A quirky ‘Benefício’ system limits annual Port production, while with systemic excessive grape production in the region, the price paid for Douro DOC grapes is between 50% and 70% less than the price paid for Port grapes, and between 30% and 60% below the cost of producing these Douro DOC grapes.
Symington adds: “In recent years, many commentators have remarked upon the danger of two great wines being produced in the same region under completely different rules: free market conditions for Douro DOC, with Port subject to an annual production limit.”
With grapes for Douro DOC often sold at €0.50/kg (about half their production cost), it becomes possible for large volumes of wine to be sold at low prices, perpetuating a damaging international reputation for the Douro as a region of ‘cheap’ wines, rather than promoting a region of wines of outstanding quality.

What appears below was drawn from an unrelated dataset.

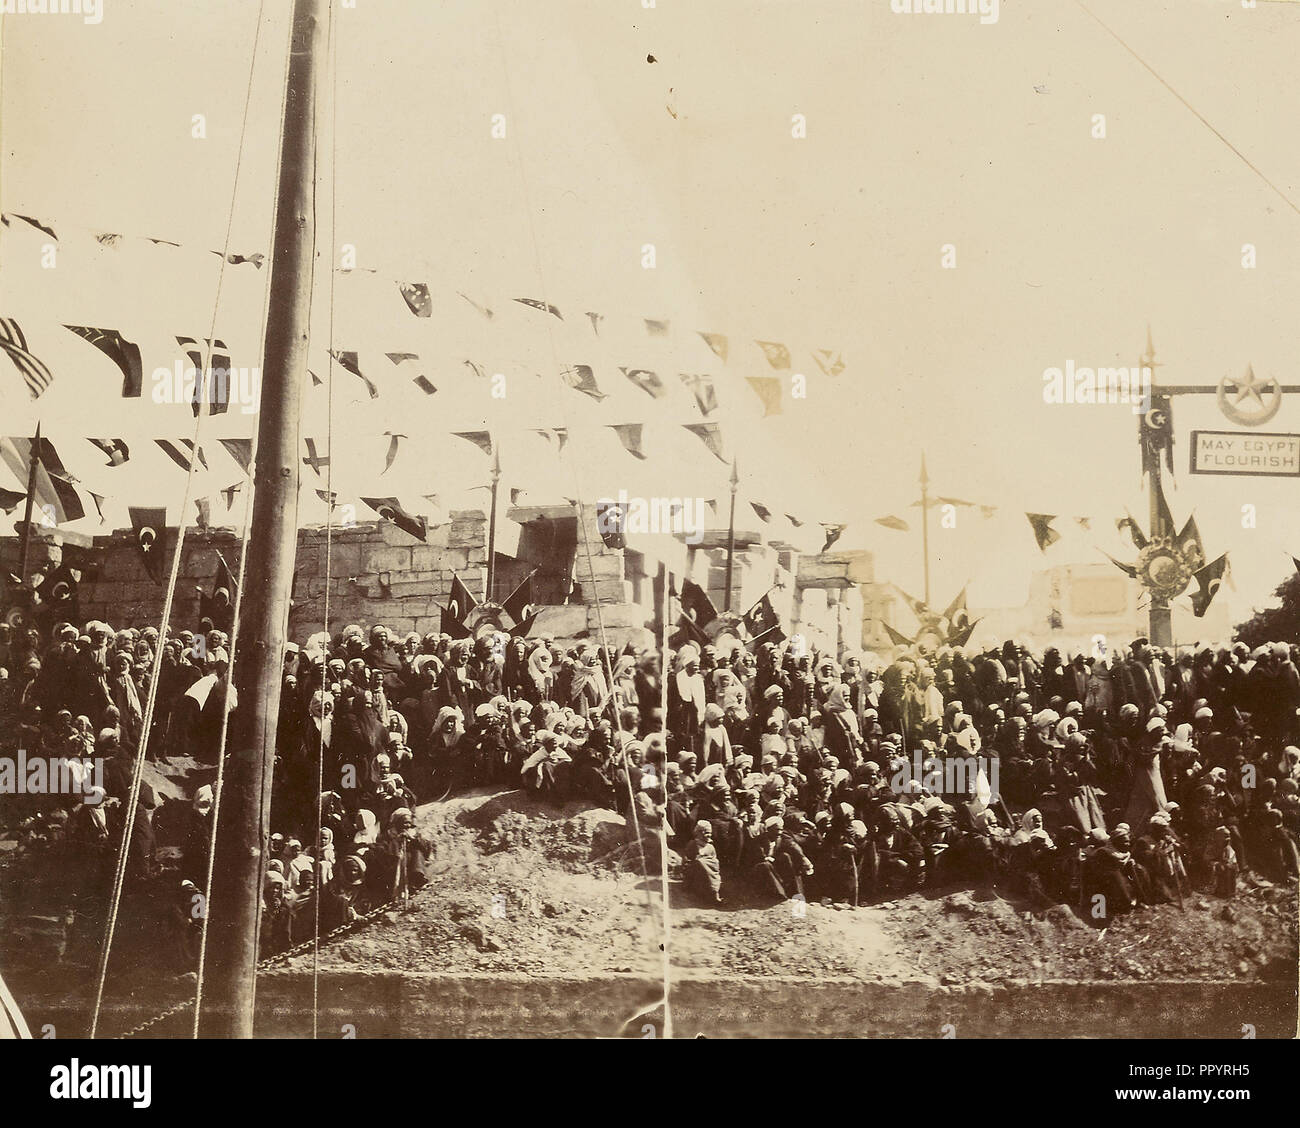 Menge unter multi-nationale Flaggen; Ägypten; 1860 - 1880; getönte Eiweiß silber Drucken Stockfoto

The high production costs, often unknown to the consumer, frequently simply get left out of the debate. “It’s urgent to adapt the region to smaller volumes and greater value, to protect the Denomination of Origin and increase the income of farmers and the entire sector,” Symington remarks.
“The Douro cannot be the only wine region in the world where nothing changes” – Paul Symington
Vineyard abandonment
It’s essential to understand what’s happening in French, Italian and Spanish wine regions, and more widely in the New World, and learn from the measures being applied to guarantee the continuity of these regions.
“The Douro cannot be the only wine region in the world where nothing changes.” He remarks that, with 43,000 hectares, the Douro currently has too much vineyard. Over-planting and an excess supply of grapes are reflected in an increasing number of farmers finding it uneconomically viable to harvest their grapes or even tend their vineyards.
“Vineyard abandonment is already happening in the Douro due to lack of profitability, and sadly, this will accelerate until a balance is found between supply and demand.” He believes a French-style compensation scheme is needed for farmers who decide to abandon their vineyards.
Symington emphasises the need to modernise the IVDP or perhaps replace it entirely by a more professional and flexible Comissão Vitivinícola Regional, to take account of the contemporary reality of the Douro and international markets.
“A new strategy is needed which adds value to the region’s grapes and wines and avoids the huge excess in grape production so damaging to the regional economy.” He hopes “the Minister of Agriculture can use the vast experience of both farmers and wine companies to create a plan to invert the crises in the Douro and put the region on a sustainable basis”, adding “the region’s fast-growing tourism depends on the lovely vineyards cared for by the Douro’s 18,000 farmers”.
I contacted the IVDP by email for comment but have not received a reply.